▸ What to work on
Here is a listing. Write it all out again exactly, but not its pictures.

▸ Exercise data
* * * *

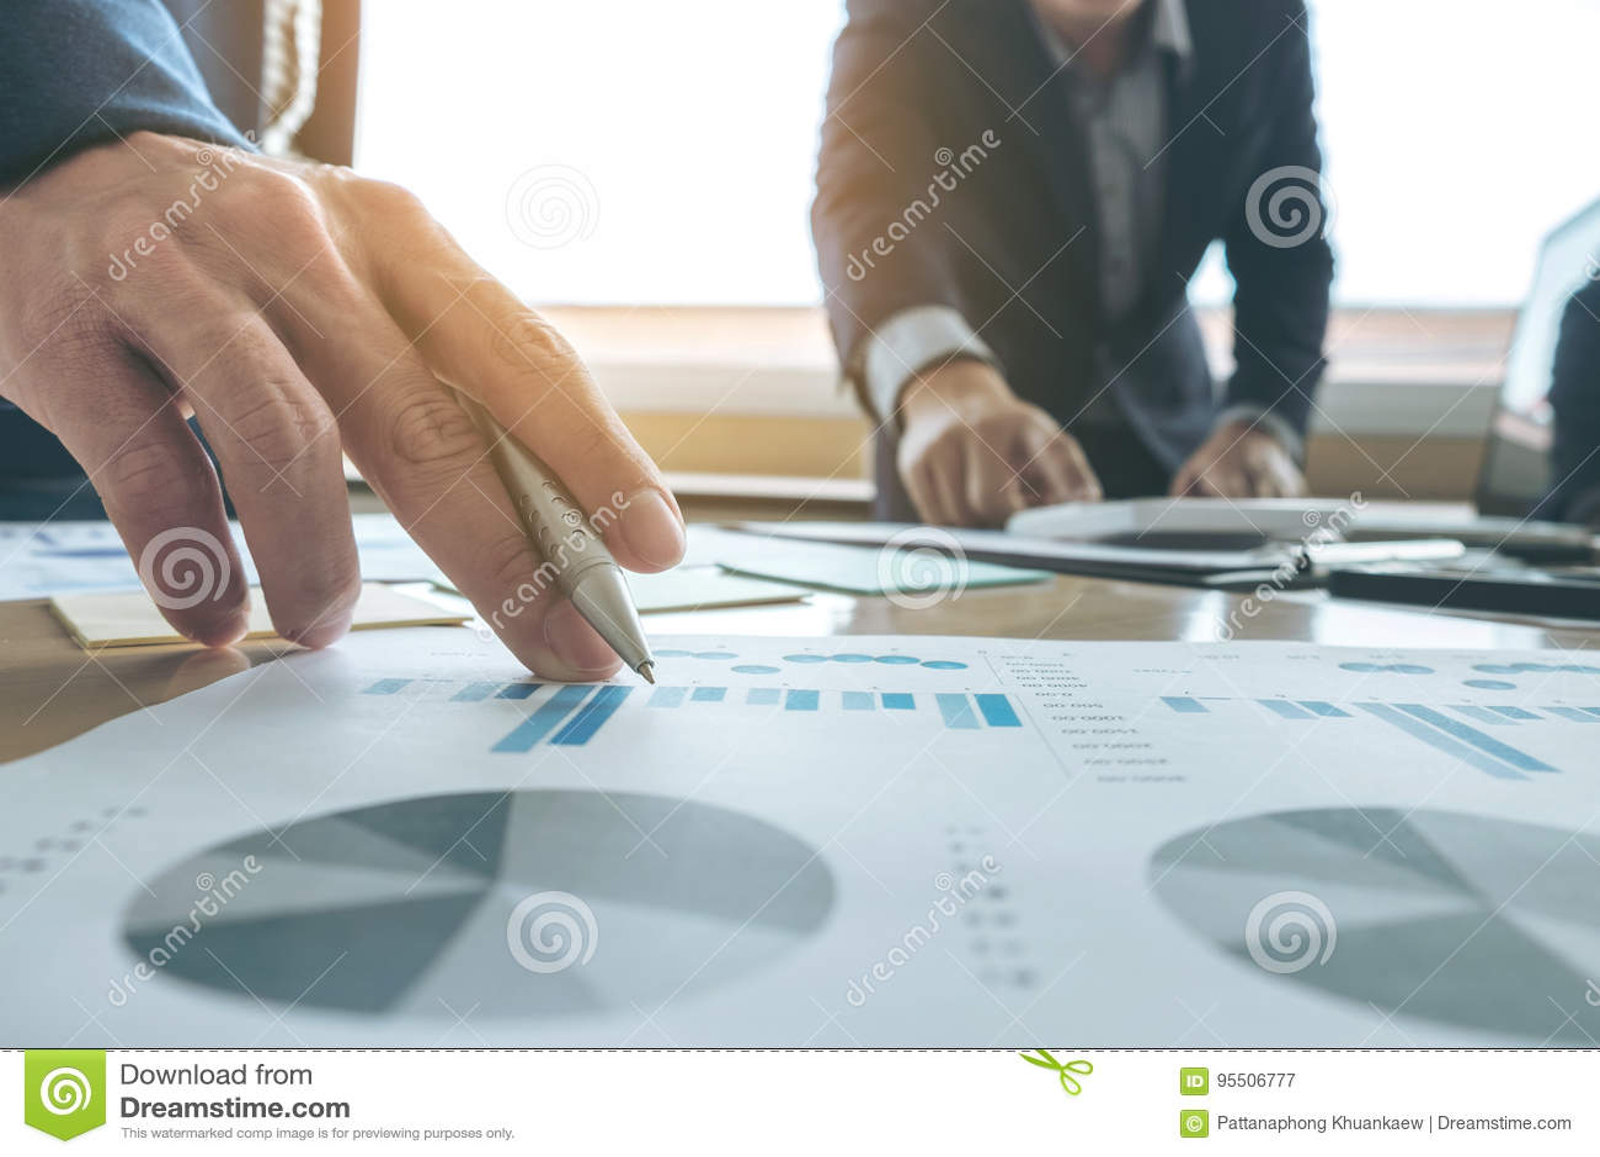 Equipo del negocio que hace frente al presente idea de la presentación de la secretaria nuevos e informe de la fabricación al inv
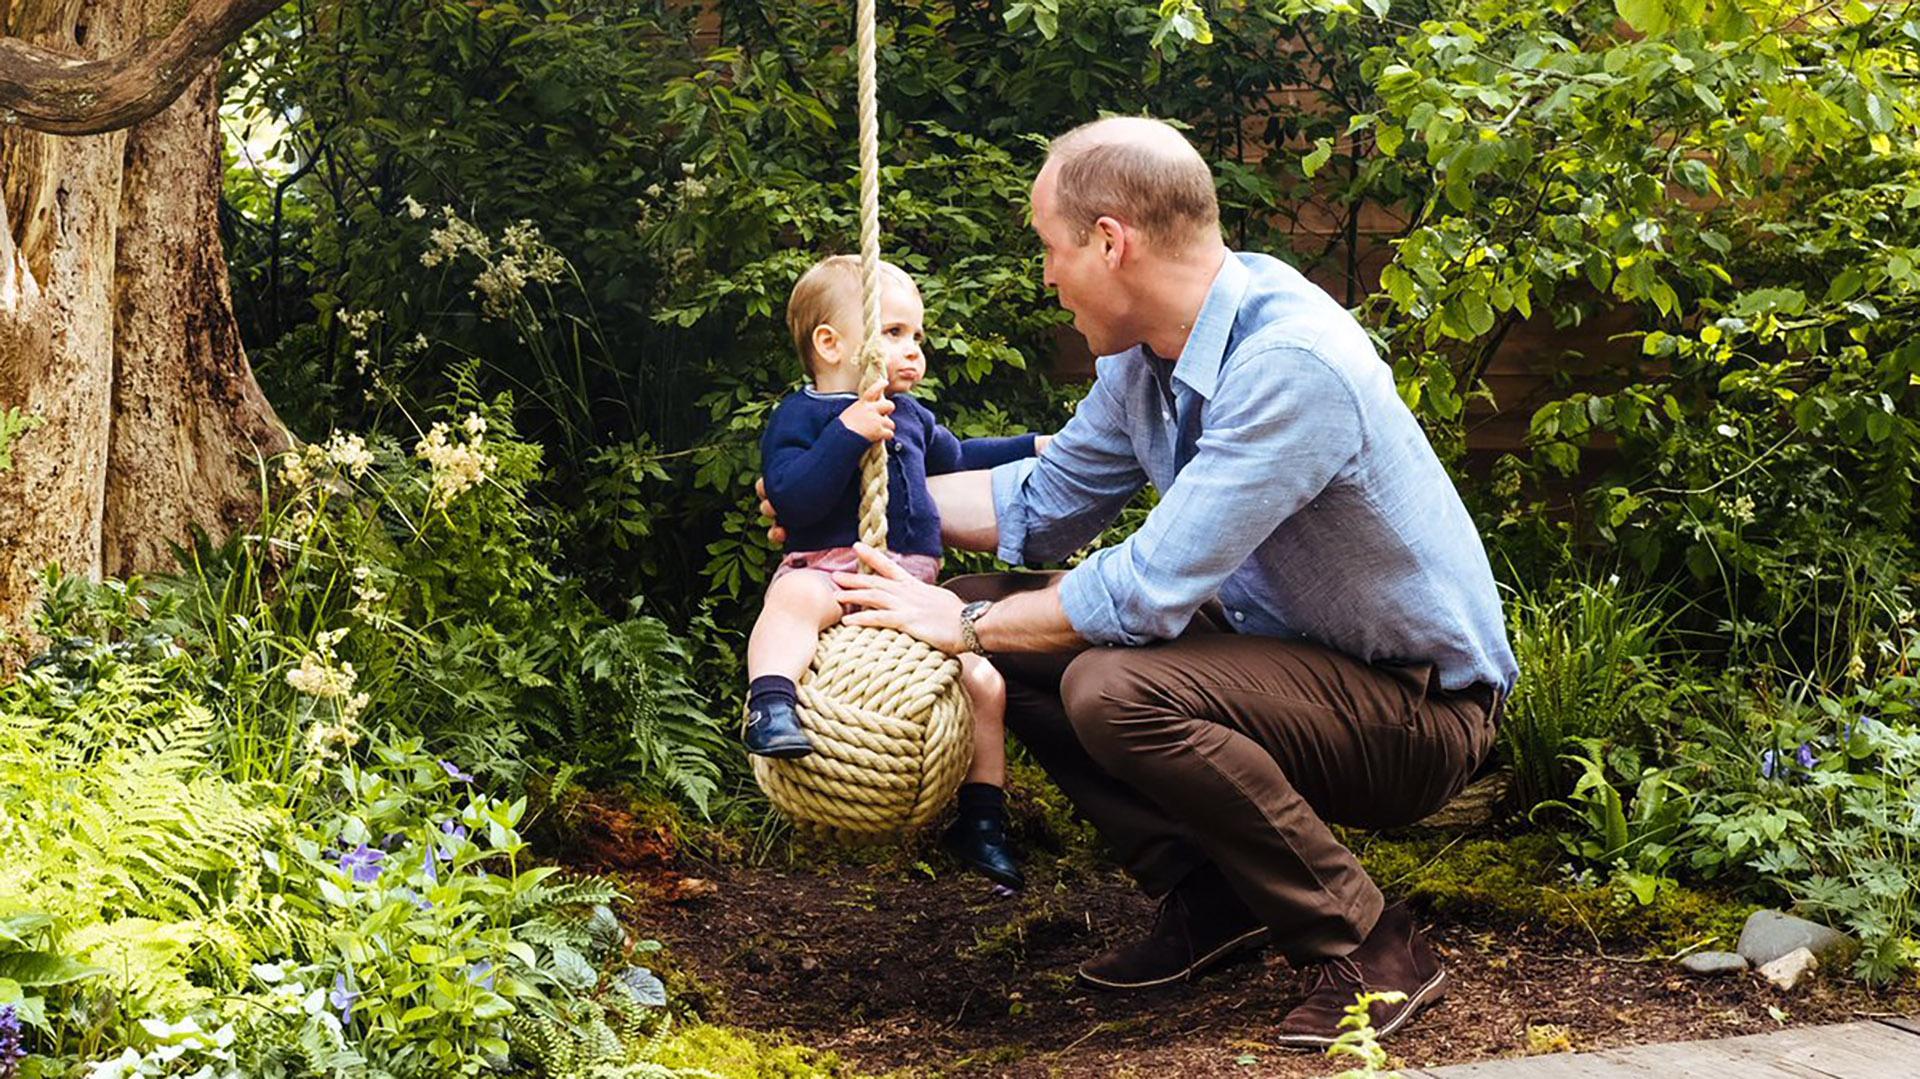 Otras de las imágenes del príncipe William compartiendo un día al aire libre con su hijo Louis
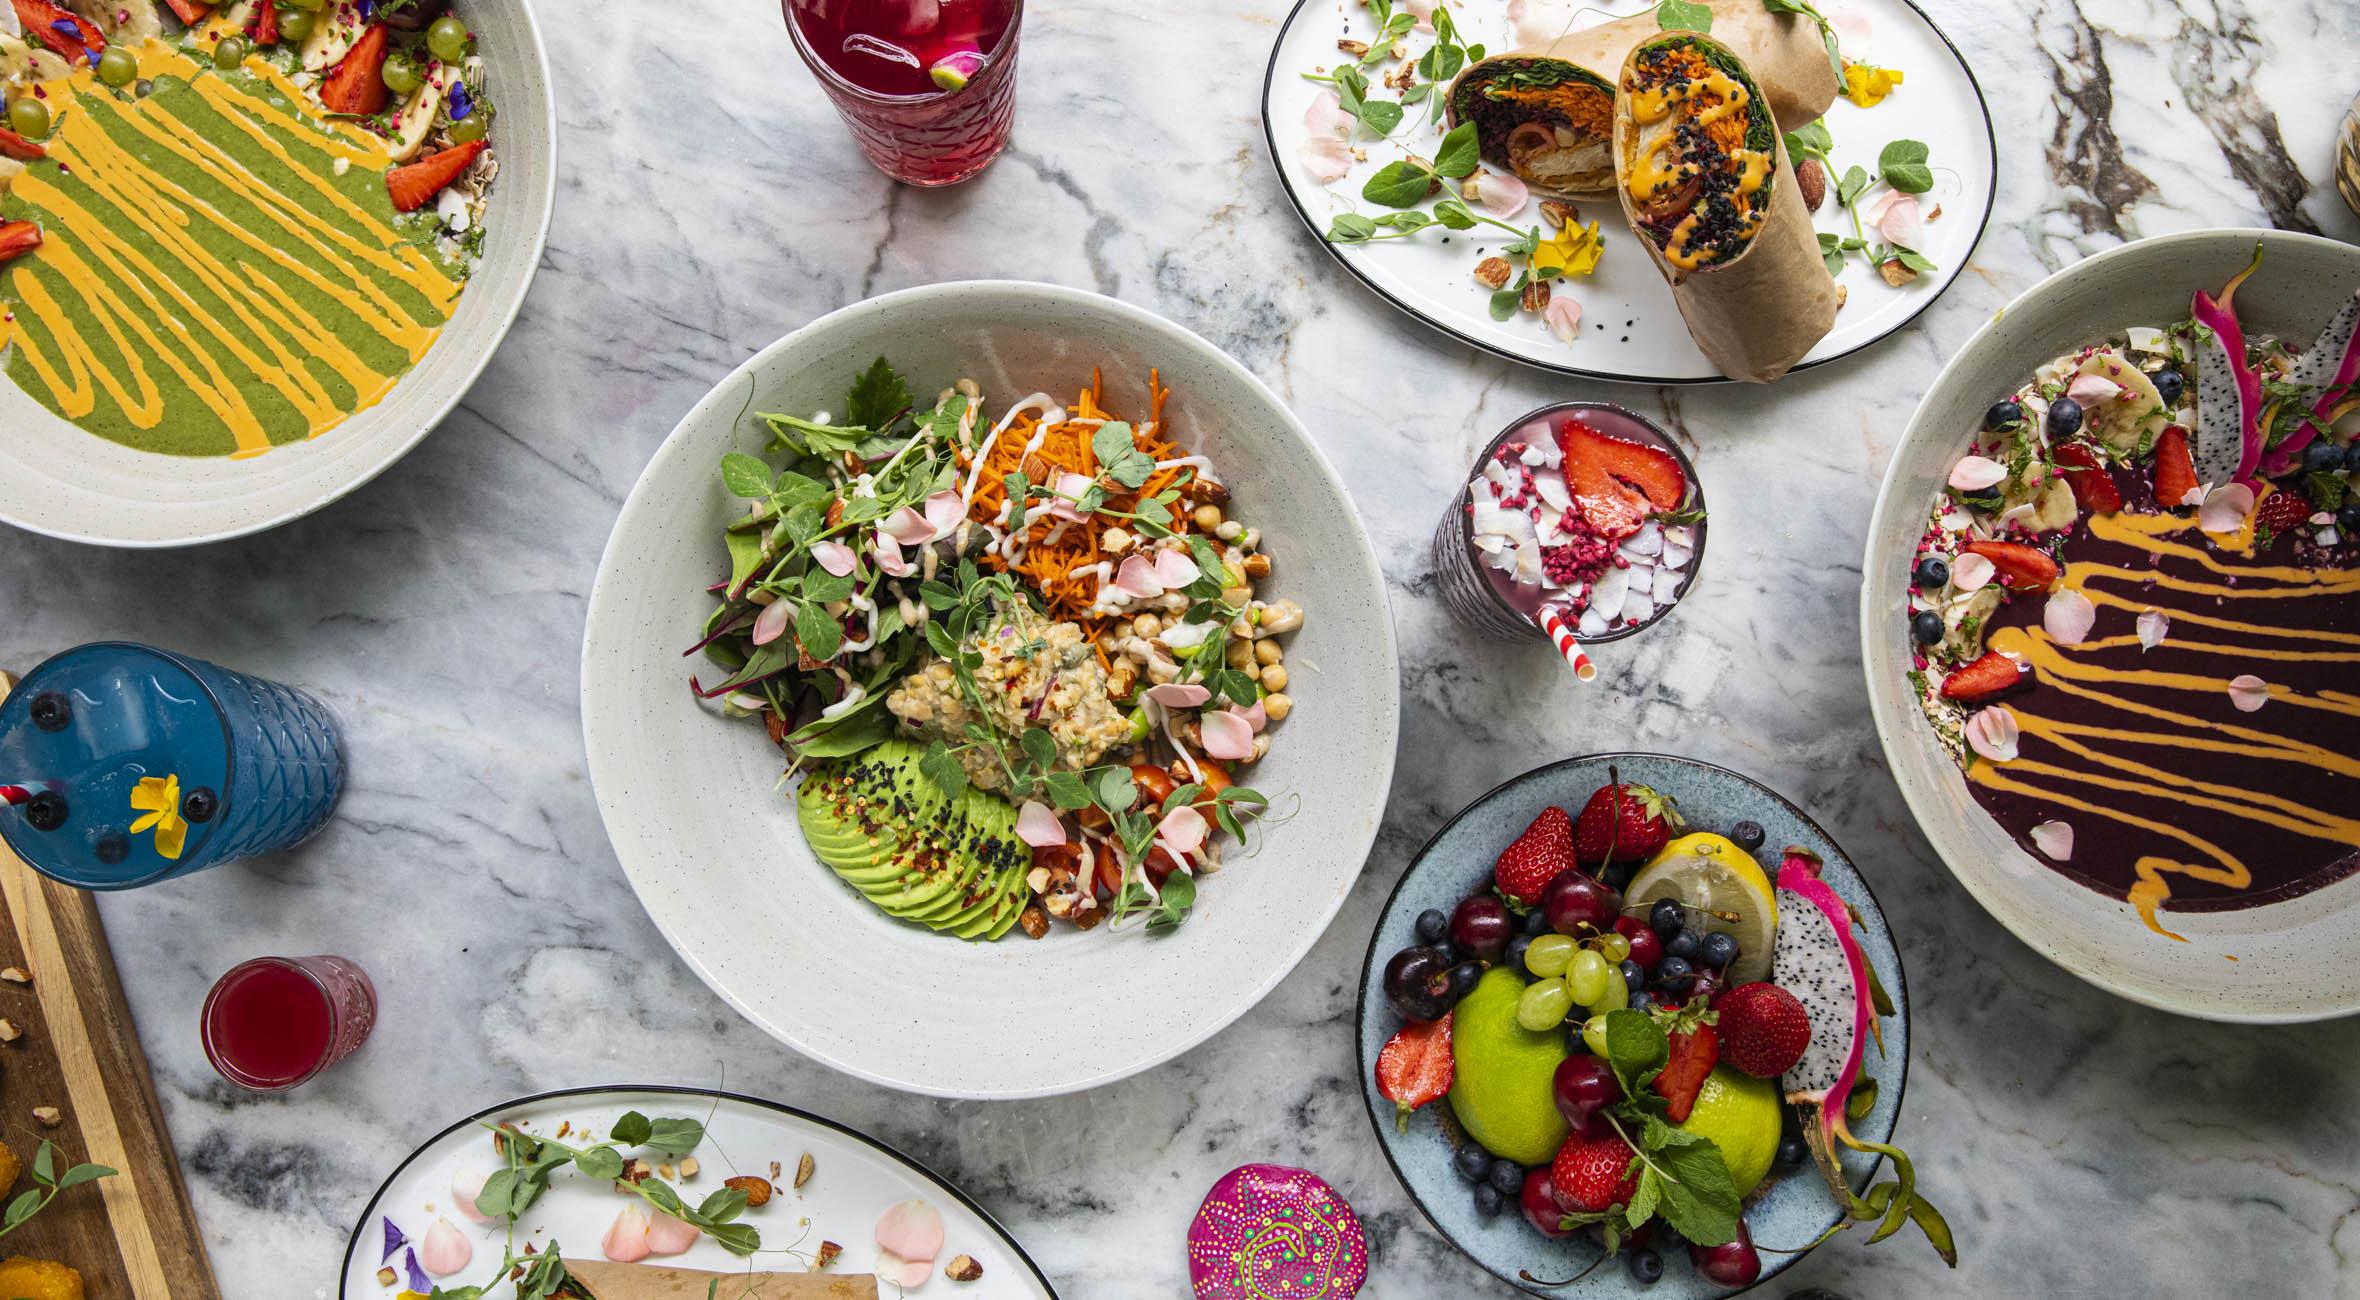 Frit valg til alt hos The Organic Boho på Østerbro og Christianshavn – Veganske hitmagere byder på brunch, acai bowls, falafel-burgere, kager og superfood wraps

* * * *

▸ Finished exercise
 Equipo del negocio que hace frente al presente idea de la presentación de la secretaria nuevos e informe de la fabricación al inv
 Otras de las imágenes del príncipe William compartiendo un día al aire libre con su hijo Louis
 Frit valg til alt hos The Organic Boho på Østerbro og Christianshavn – Veganske hitmagere byder på brunch, acai bowls, falafel-burgere, kager og superfood wraps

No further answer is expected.